WHAT IS NEEDED: Transcribe the entries below exactly, starting with the line that has "Lot 403 - AN" and stopping after the line that has "The Development of"; no pictures belong in the copy.

EXTRACTED MATERIAL:
+++++
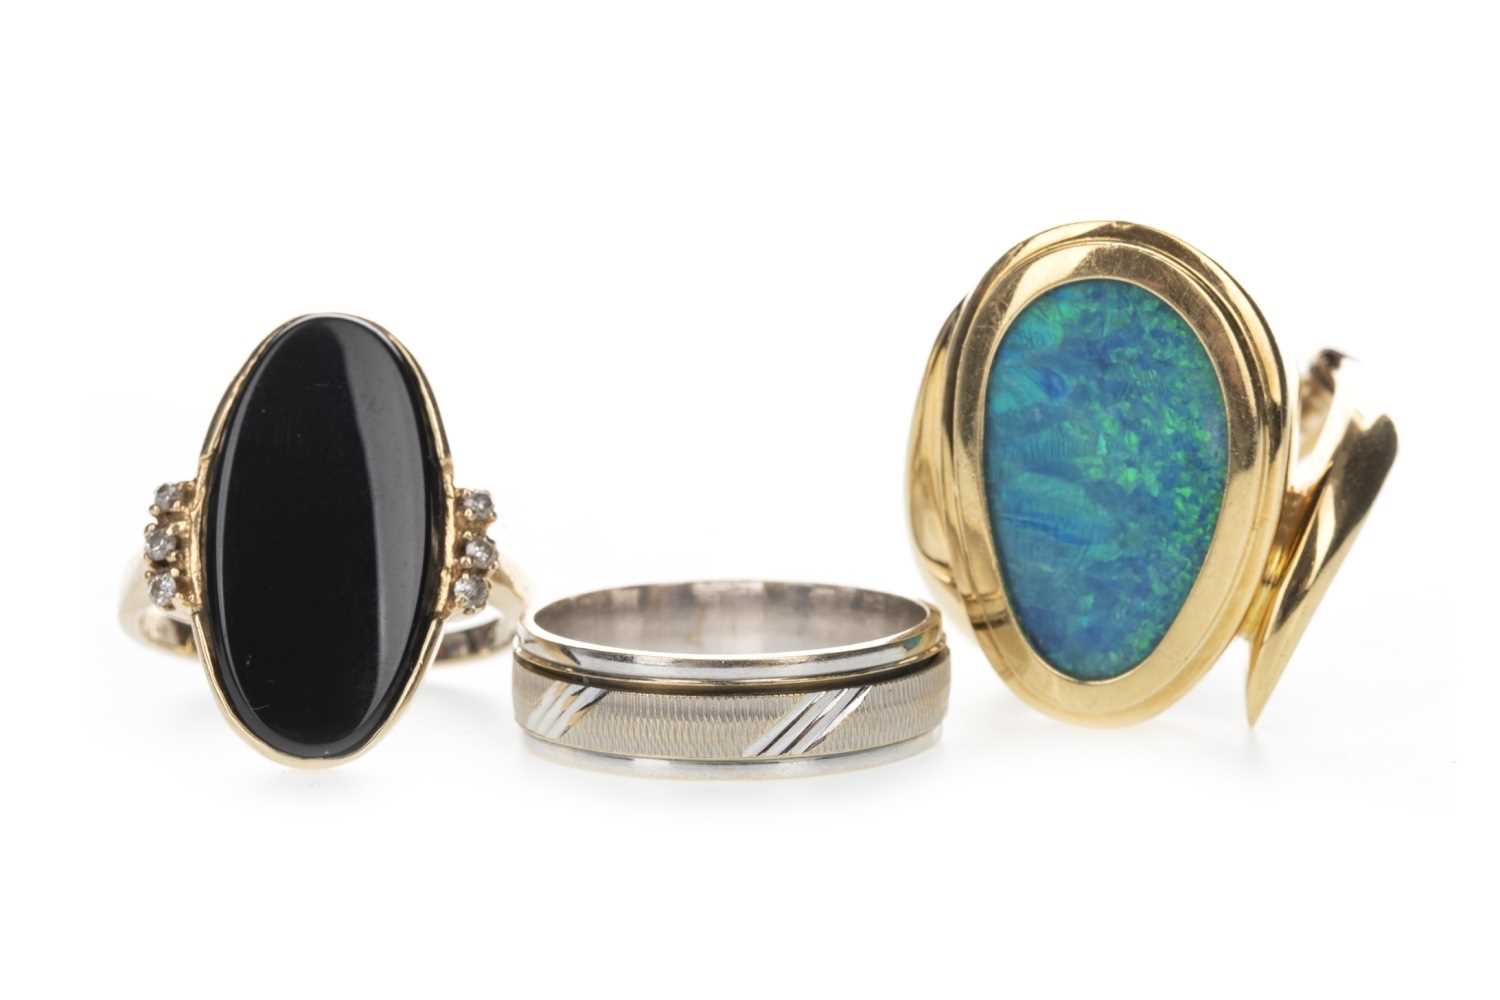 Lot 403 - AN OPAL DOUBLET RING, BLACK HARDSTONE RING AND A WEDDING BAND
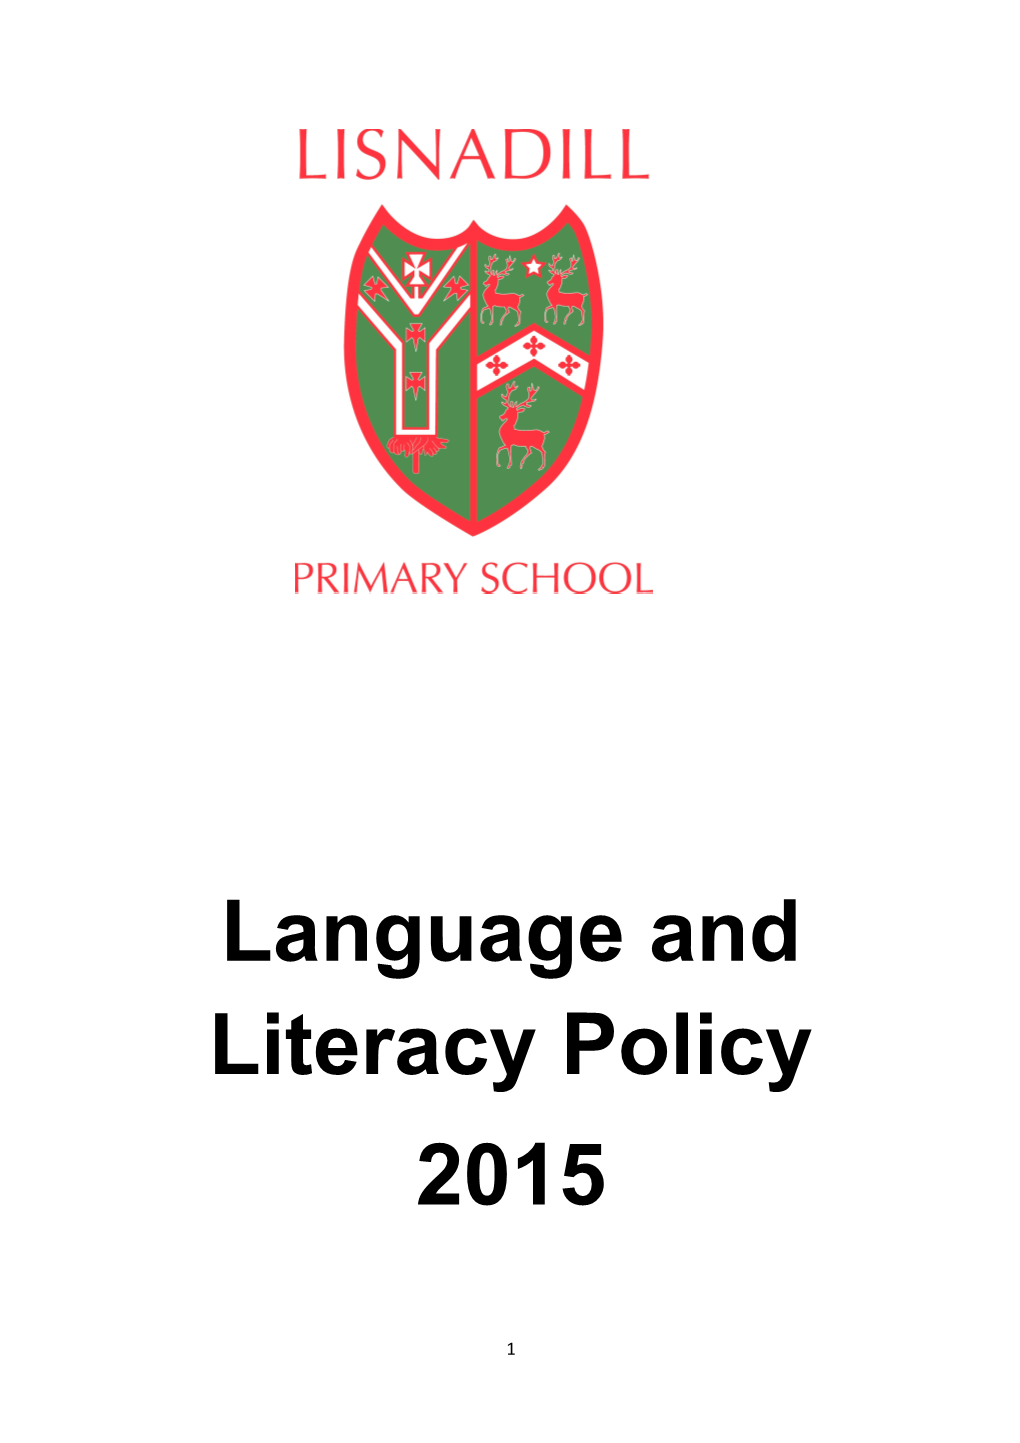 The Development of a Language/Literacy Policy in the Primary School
+++++
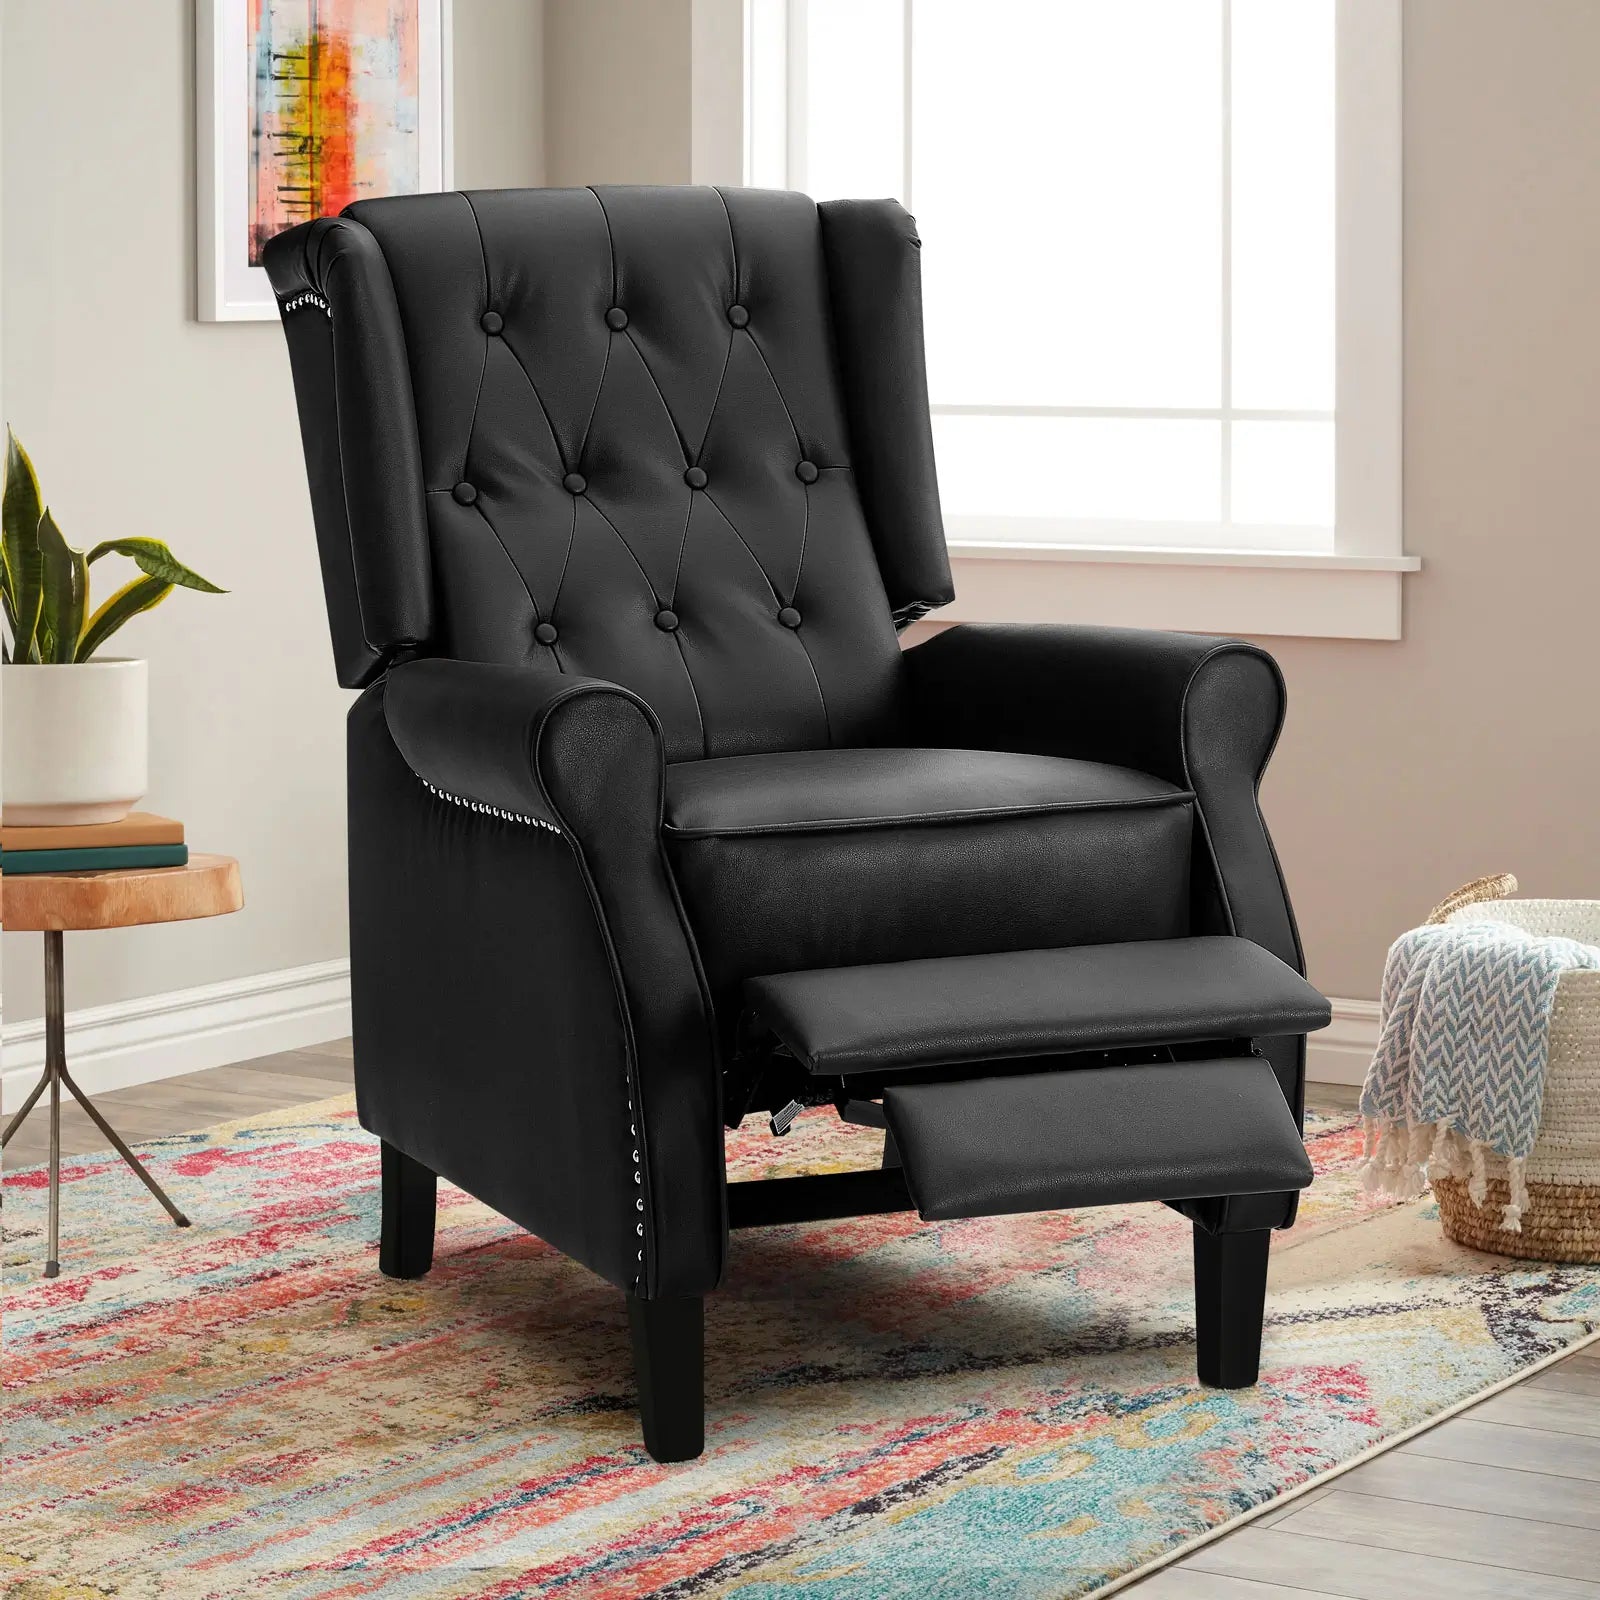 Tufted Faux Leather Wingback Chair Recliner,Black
+++++
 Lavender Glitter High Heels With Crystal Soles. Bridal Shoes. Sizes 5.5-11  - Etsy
+++++
SOLUTION FOR THIS EXERCISE:
 Lot 403 - AN OPAL DOUBLET RING, BLACK HARDSTONE RING AND A WEDDING BAND
 The Development of a Language/Literacy Policy in the Primary School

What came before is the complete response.